I newyorchesi spesso si lamentano della subway, per il costo elevato, per le scarse infrastrutture dedicate a disabili, ad anziani o a madri con bambini. Che cosa ne pensa lei? Quali sono i maggiori problemi del trasporto pubblico di New York?
Alcune delle installazioni che compongono la mostra “Bringing Back the City”. Foto: Anna Cugini
“Sì, è vero, gli utenti spesso tendono a lamentarsi della metropolitana. È una rete di infrastrutture vecchia ed enorme quindi, naturalmente, ci sono cose di cui lamentarsi. Il New York Transit Museum cerca proprio di spiegare quanto sia complicato questo sistema, quanto sia complicata la manutenzione e il rinnovamento stesso, in modo che la gente possa meglio comprendere come funziona e così, di conseguenza, capire perché sussistono quei disservizi di cui spesso ci si lamenta”.
Crede che preservare una sorta di memoria storica che riguardi la New York Public Transportation sia importante anche per le future generazioni?

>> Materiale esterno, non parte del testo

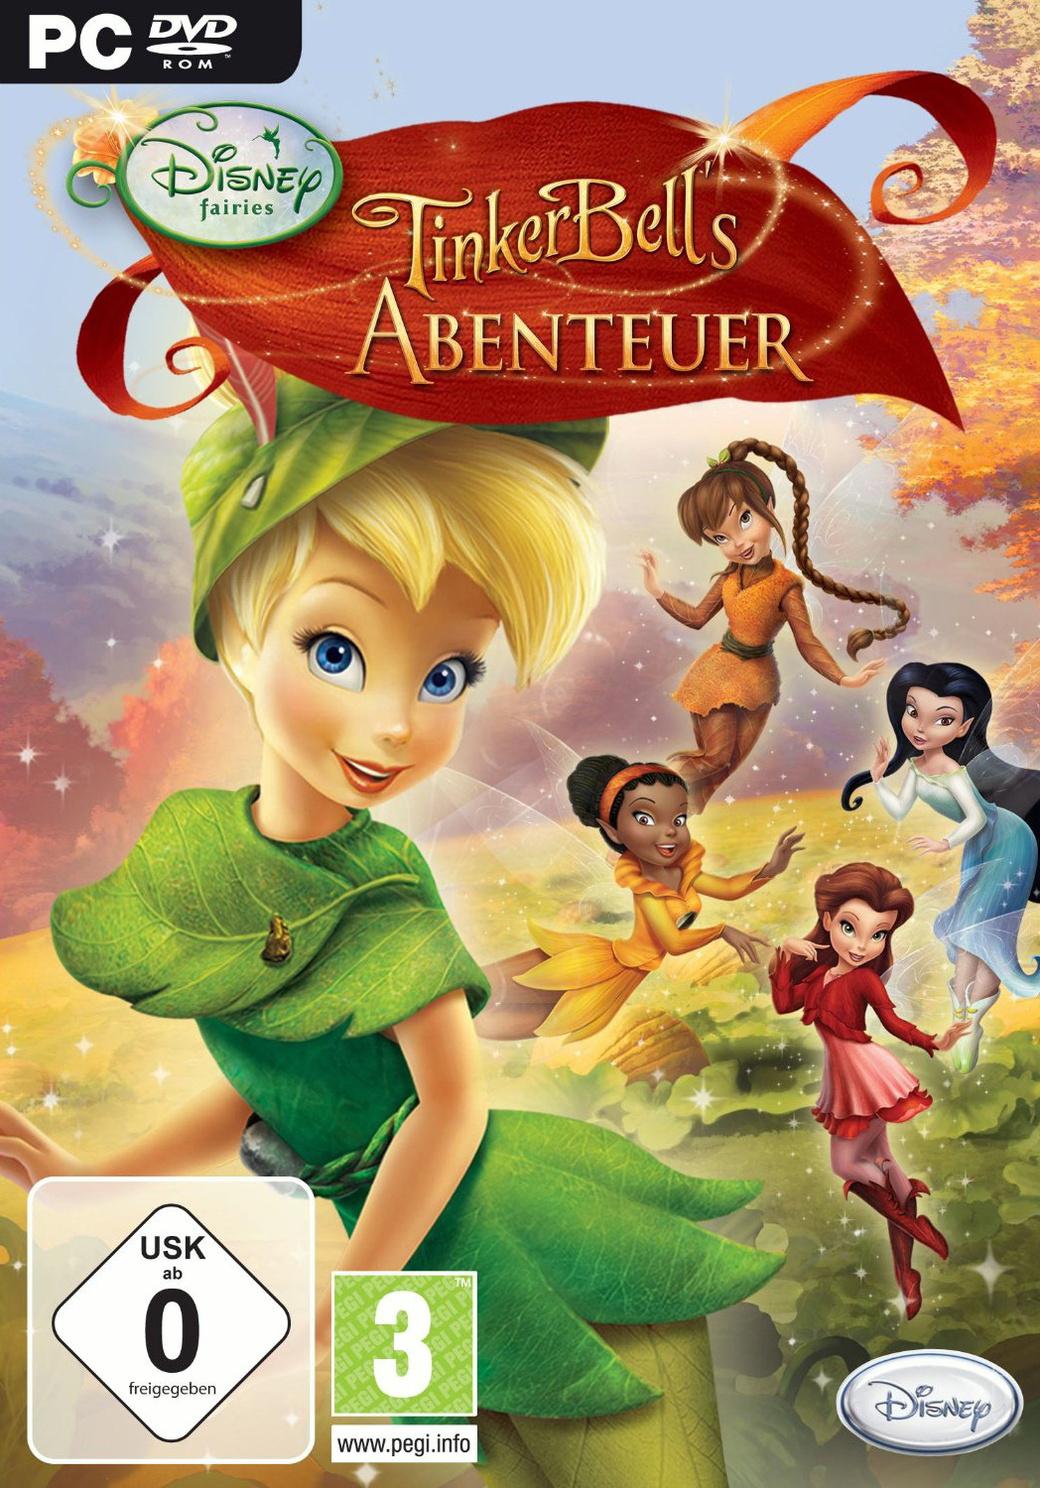 Fairies Disney Preisvergleich

“Direi di sì. Questa è una storia affascinante, i cui protagonisti sono stati pionieri nel costruire una rete di viabilità che ha reso possibili nuovi commerci, nuovi scambi, nuove connessioni tra le persone, che le ha rese più vicine sebbene lontane negli spazi. Che forse ha reso New York quella città che noi conosciamo oggi e di cui i giovani beneficiano”.